Identification of novel loci for pediatric cholestatic liver disease defined by KIF12, PPM1F, USP53, LSR, and WDR83OS pathogenic variants

Abstract

PurposeGenetic testing in pediatric cholestasis can be very informative but genetic causes have not been fully characterized. MethodsExome sequencing and positional mapping in seven families with cholestatic liver disease and negative clinical testing for known disease genes. ResultsKIF12, which encodes a microtubule motor protein with a tentative role in cell polarity, was found to harbor three homozygous likely deleterious variants in three families with sclerosing cholangitis. KIF12 expression is dependent on HNF-1β, deficiency which is known to cause bile duct dysmorphogenesis associated with loss of KIF12 expression. In another extended family, we mapped an apparently novel syndrome of sclerosing cholangitis, short stature, hypothyroidism, and abnormal tongue pigmentation in two cousins to a homozygous variant in PPM1F (POPX2), a regulator of kinesin-mediated ciliary transport. In the fifth family, a syndrome of normal gamma glutamyltransferase (GGT) cholestasis and hearing loss was found to segregate with a homozygous truncating variant in USP53, which encodes an interactor with TJP2. In the sixth family, we mapped a novel syndrome of transient neonatal cholestasis, intellectual disability, and short stature to a homozygous variant in LSR, an important regulator of liver development.
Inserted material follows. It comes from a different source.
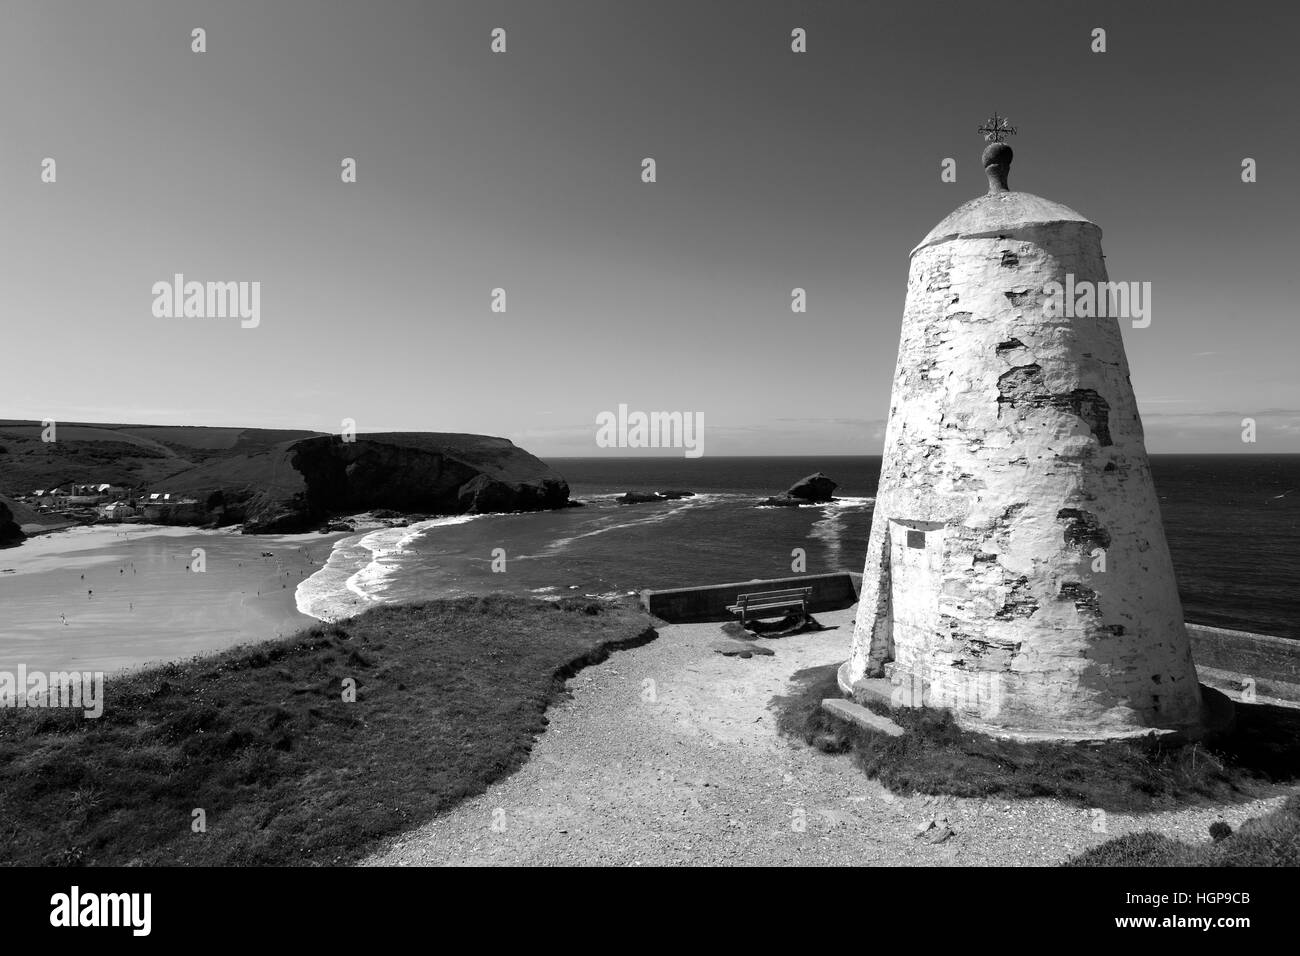 La antigua estación Mirador Pimentero, Lighthouse Hill, Portreath pueblo costero del condado de Cornwall, Inglaterra, Reino Unido. Foto de stock

In the last family of three affected siblings, a novel syndrome of intractable itching, hypercholanemia, short stature, and intellectual disability was mapped to a single locus that contains a homozygous truncating variant in WDR83OS (C19orf56), known to interact with ATP13A2 and BSEP. ConclusionOur results expand the genetic heterogeneity of pediatric cholestatic liver disease and highlight the vulnerability of bile homeostasis to a wide range of molecular perturbations.